Tuesday, August 2, 2005

"Bringing Out the Dead" in One Way or Another

I would like to bring to the attention of my visitors a new publication. It is ATRIUM- The Report of the Northwestern Medical Humanities and Bioethics Program of Northwestern University Feinberg School of Medicine. The title of this first issue is “Bringing Out the Dead”. Amongst other considerations, the ethics of the use and display of the dead is discussed. There are articles presenting the two views of whether specimens of the dead fetuses representing developmental anomalies should be displayed in a museum-type setting. There is an article dealing with the “Body Worlds Exhibit” which is a public display of human corpses which have been preserved in plastic “appearing in naturalistic, non-clinical settings and pose with their skin removed, revealing the inner dimensions of the body to the museum goer.”

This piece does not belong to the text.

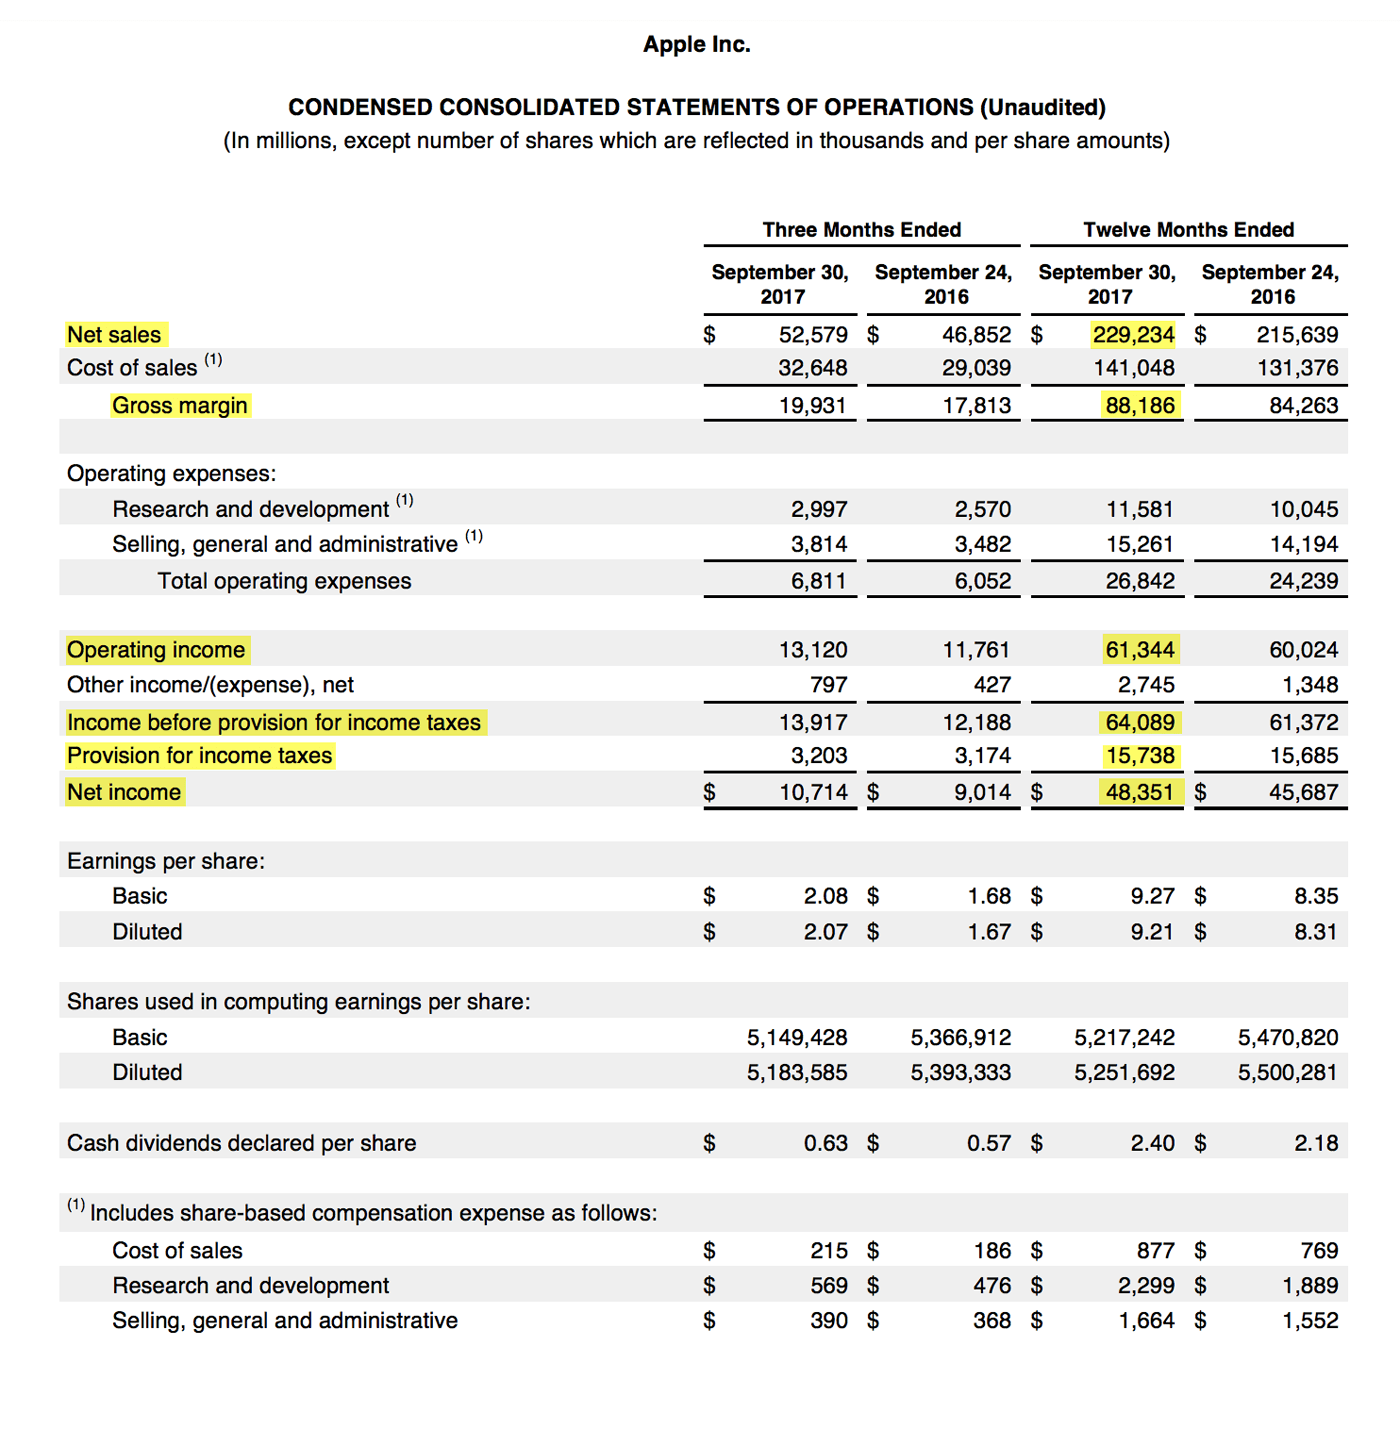 Страница 1 отчета «Эпла» за 2017 финансовый год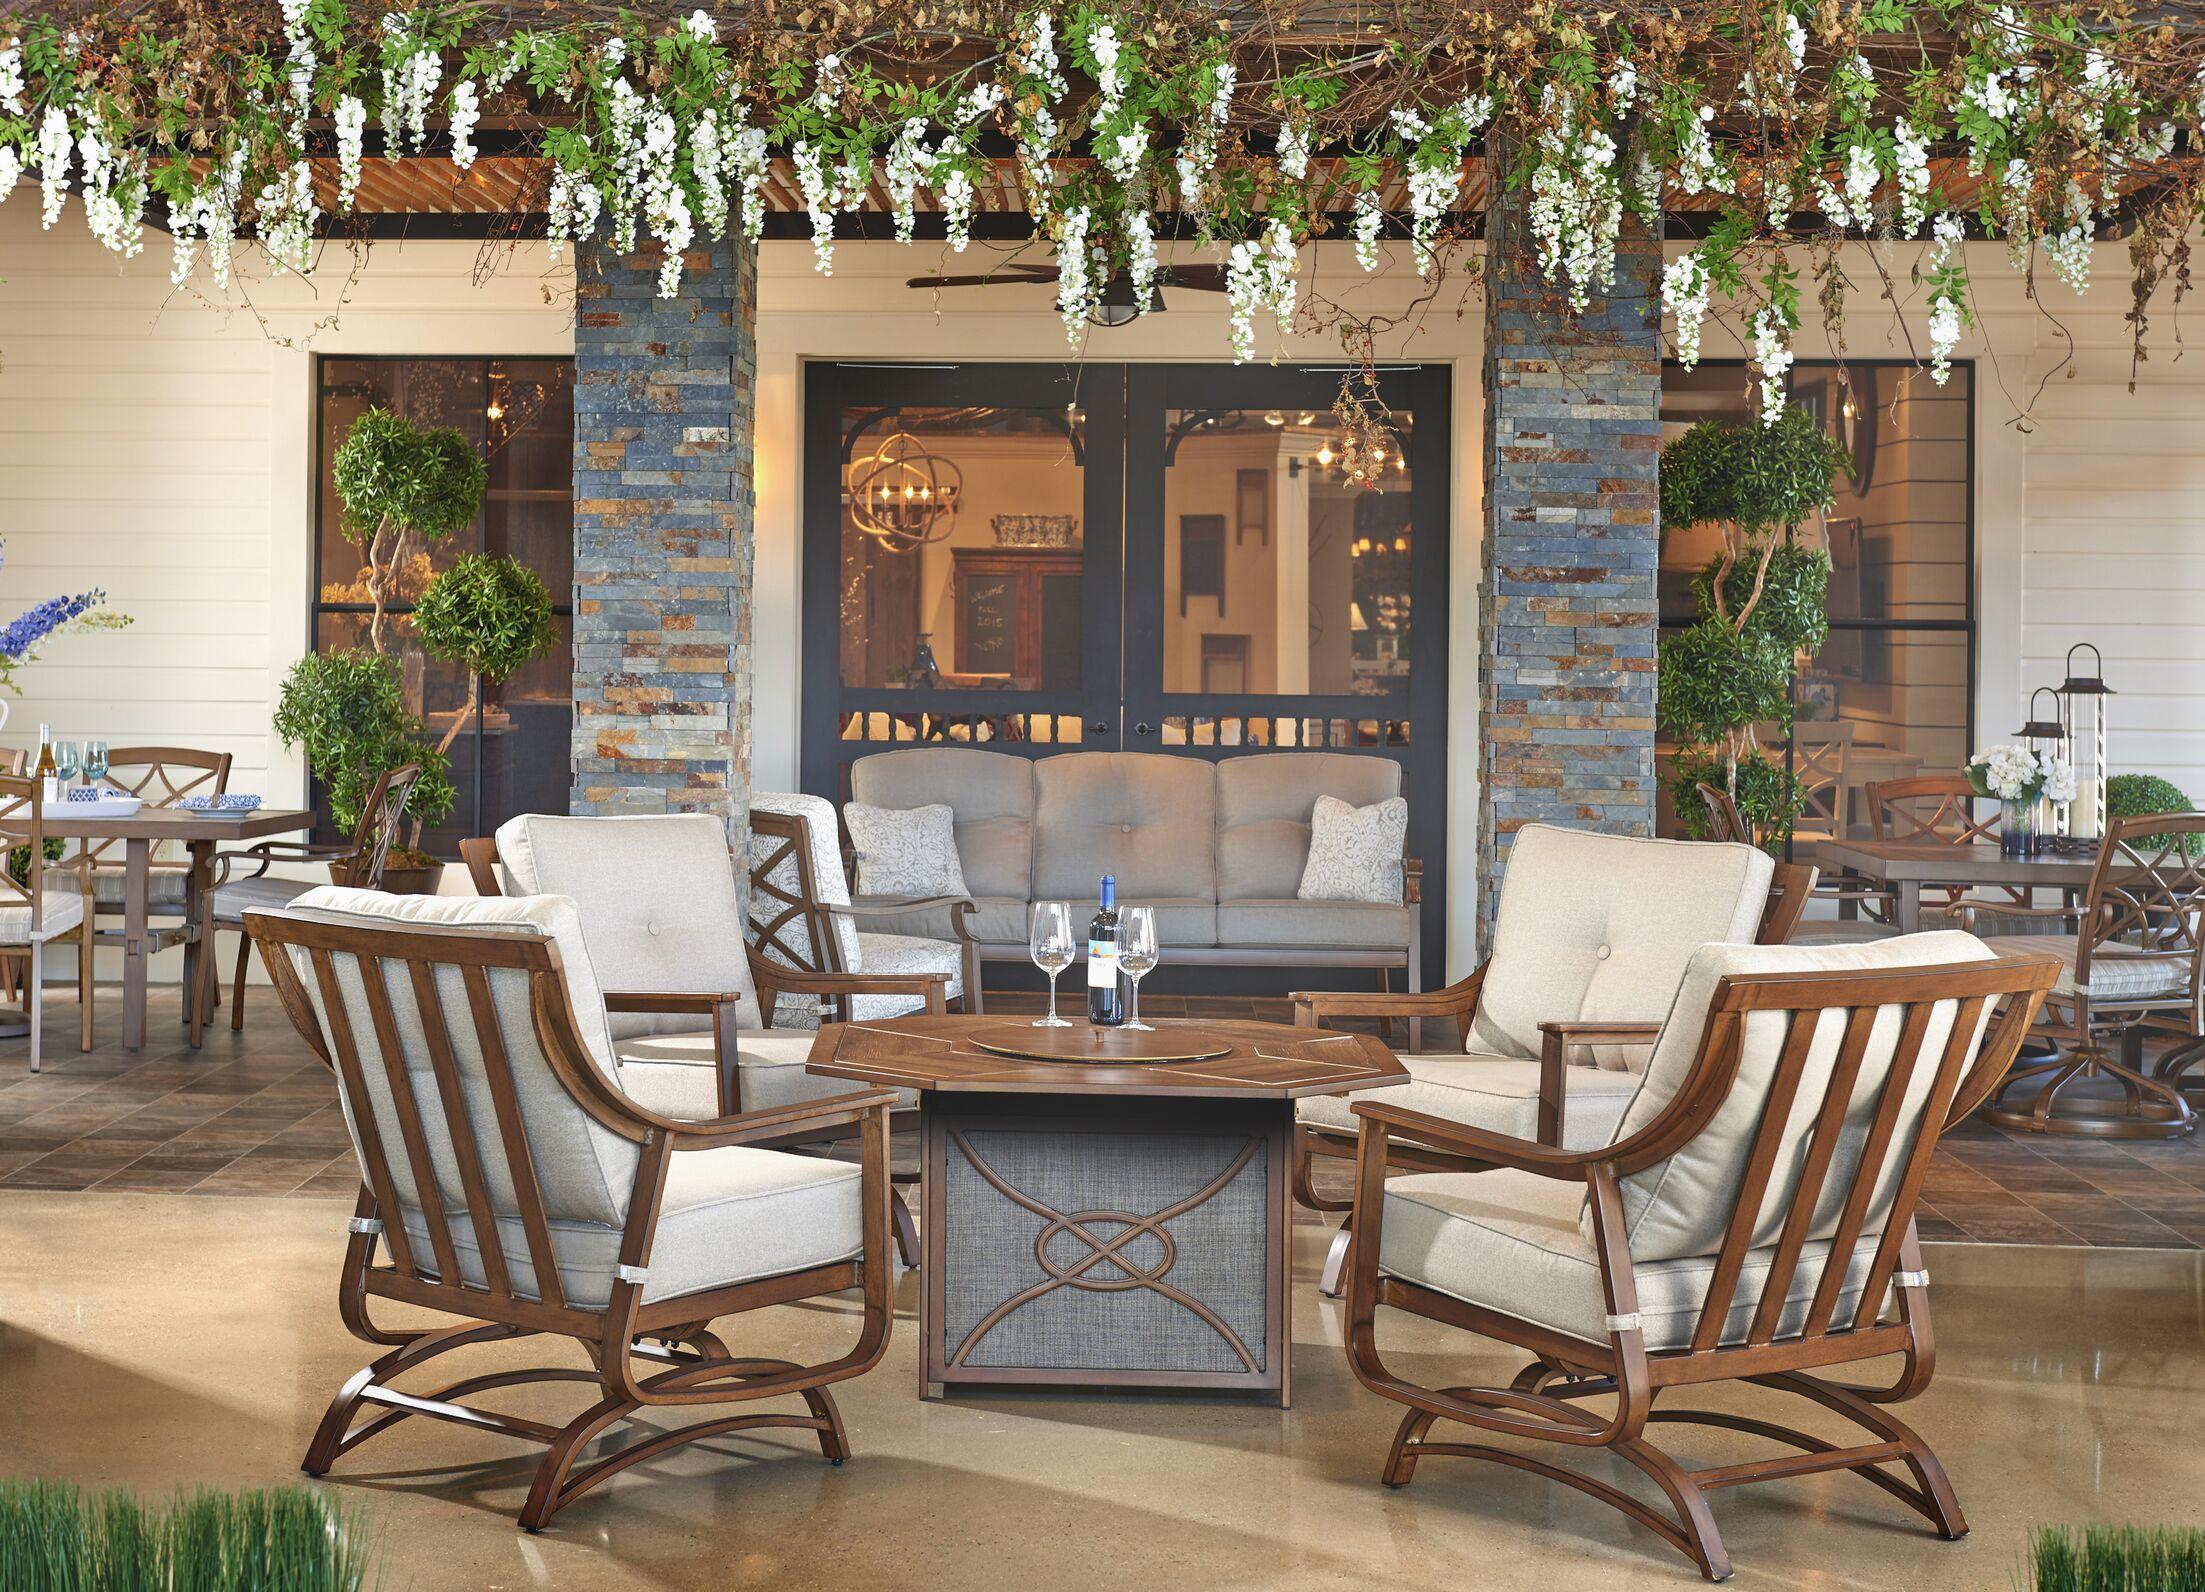 5 Piece Sunbrella Conversation Set with Cushions Fabric: Espadrille Driftwood

An article, to which I was most interested dealt with the medical school teaching of human anatomy either by the longstanding practice of student dissection of the dead body versus the relatively new teaching of anatomy only by prosections: students looking and studying anatomical specimen which had been previously professionally dissected out by their anatomy teacher. With prosections, the medical student will not be faced with a whole human corpse and will not spend hours cutting through fat and muscle to find or follow an anatomical structure. It will all be there clearly defined in the prosected specimen. The student will save time, save frustration and save much of the odor of formaldehyde permeating the nasal passages. But will the student miss something? Would there be some value for the students to actually be introduced to their “first patient” on the anatomy table? To recognize that their “patient” was once a live human being with all the capacity for feelings and anticipation of the future which the students themselves hold. And that the students, as humans, are no different than their subject except they are still alive. Would it provide them with a special experience to emphasize, from the beginning of their careers, that all human beings deserve respect including the deceased and the disabled?

Apparently, there are both advantages and disadvantages for medical schools to teach by prosection. It would be important to know what differences in knowledge or skills have been observed in students who learn anatomy by prosection alone as compared with personal dissection. Of interest would be studies to establish whether the absence of this “first patient” in year one anatomy makes any difference in the clinical relationships with the later live patients.

Have any of my visitors had their own human anatomy education in medical school solely by prosection? I would like to know what it was like and if the lack of dissection experience makes them feel now like they are not a “real doctor”. ..Maurice.